The TapeToolGUI wrote at 378GB/hr:

 

 

Userlevel 1
Badge +1

Hi Shane,

 

Thank you for sending this over.

 

Ok, so rather than a write speed issue, it looks like the issue is with read speeds on the source library. 

 

Lets get this tested outside of Commvault also.

 

You can use the CVDiskPerf tool also included in the Commvault Binaries: https://documentation.commvault.com/commvault/v11/article?p=8855.htm

 

Please use the source media agent and an example of the command is below:

 

CVDiskPerf.exe -PATH D:\DISKLIBRARY1\Folder_2021.04.21-11.23\CVMAGNETIC -RANDOM -OUTFILE c:\temp\perf.txt

 

If possible I would run this while the aux copies are also running and with them suspended.

 

Please make sure you are writing the output file to an existing location and that the name of the file changes on each test, to prevent overwriting the previous test data.

 

Further more the Isilon performance will drop if it is close to full. Can you confirm how much free space you have on the source library?

 

Regards,

 

Chris Sumner

 

 

Userlevel 1
Badge +3

Head Office is 69% full and 

DR is 66% full.

The DiskPerf is running, been running for about 30 mins, will update.

Thanks for all your help.

Userlevel 1
Badge +1

Thanks Shane,

 

There should not be any performance impact if the filer has that much free space.

 

The test is writing and readingless than 10GB of data so if it is running for a while then this may mean there are underlying issues on the source library.

 

However, lets wait for the test to complete before any assumptions are made.

 

Regards,

 

Chris Sumner

Userlevel 6
Badge +13

Windows or Linux MA’s?

I have found with Isilon not to rely on smartconnect DNS round-robin, as windows SMB connections tend to reuse existing open streams rather than open new streams, so you end up accessing fewer nodes to read or write data. It works well if you are servicing hundreds of clients, and each client is opening a single stream, but not so much for a handful of media agents.

I found best performance is achieved by having 1 mount path per Isilon node, and then use IP addresses for each path to the mount path location rather than hostnames and ensure the library configured for round-robin.
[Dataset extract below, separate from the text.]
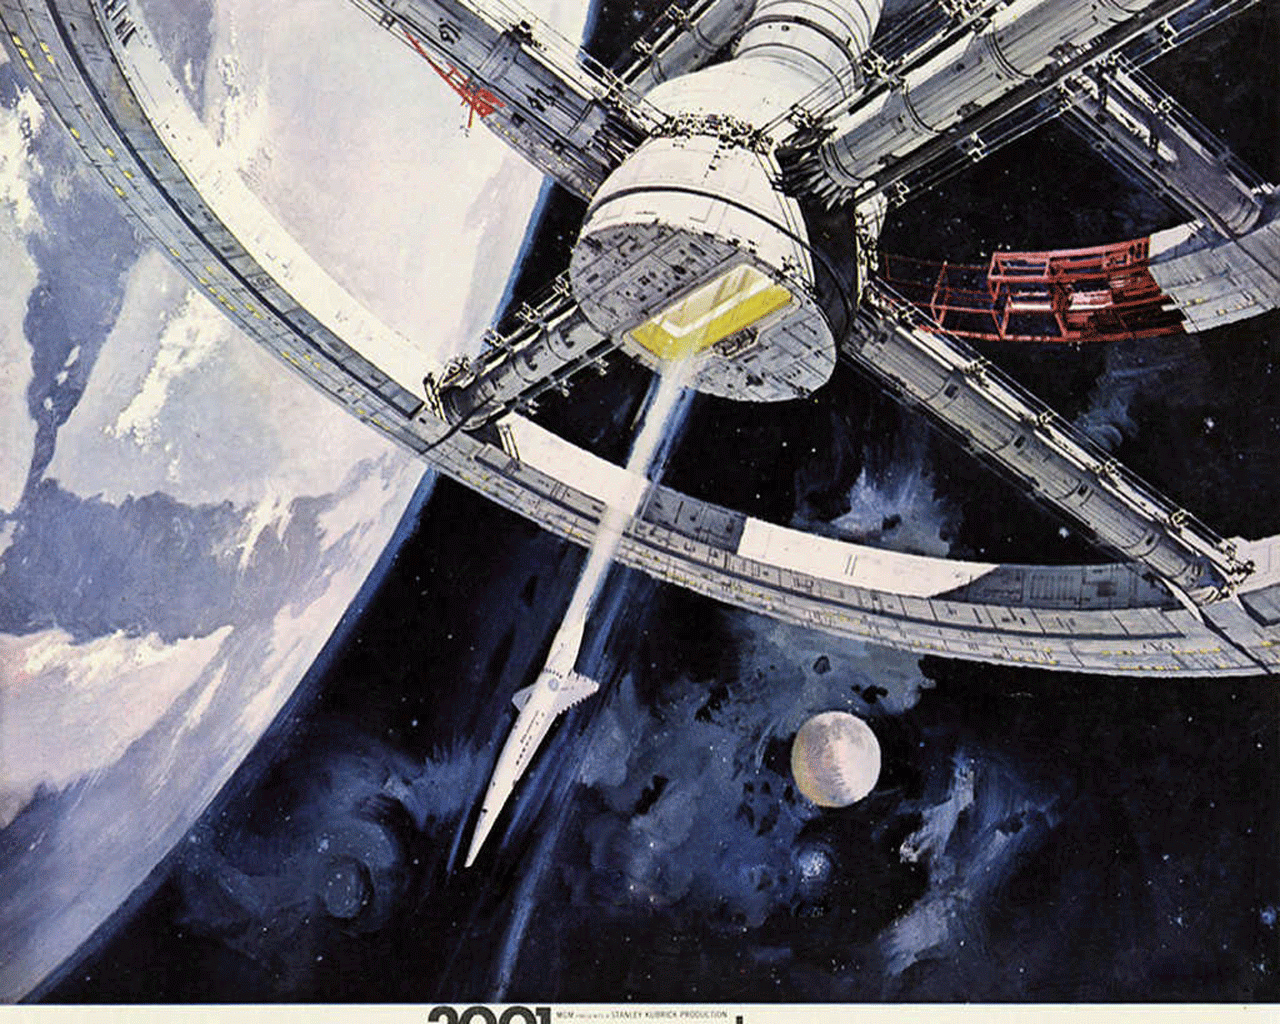 2001 a space odyssey

This will allow Commvault to load balance reads and writes across all nodes and bypass some of the SMB connection re-use logic which could limit connections.

I have seen with some of the ‘archive tier’ Isilon units, performance can be lackluster if you try backup and copy at the same time. If you suspect backups, copies run fast and vice versa.

 

 

Badge +3

Hi,

I have a lot of customers and they are suffering the same pain ! Not enough disk in the Isilon and they are too big in size ending up with not enough spindle to achieve a good read after some time when data is spread across all disks because of the Deduplication process !

Userlevel 1
Badge +3

Windows or Linux MA’s?

I have found with Isilon not to rely on smartconnect DNS round-robin, as windows SMB connections tend to reuse existing open streams rather than open new streams, so you end up accessing fewer nodes to read or write data. It works well if you are servicing hundreds of clients, and each client is opening a single stream, but not so much for a handful of media agents.

I found best performance is achieved by having 1 mount path per Isilon node, and then use IP addresses for each path to the mount path location rather than hostnames and ensure the library configured for round-robin. This will allow Commvault to load balance reads and writes across all nodes and bypass some of the SMB connection re-use logic which could limit connections.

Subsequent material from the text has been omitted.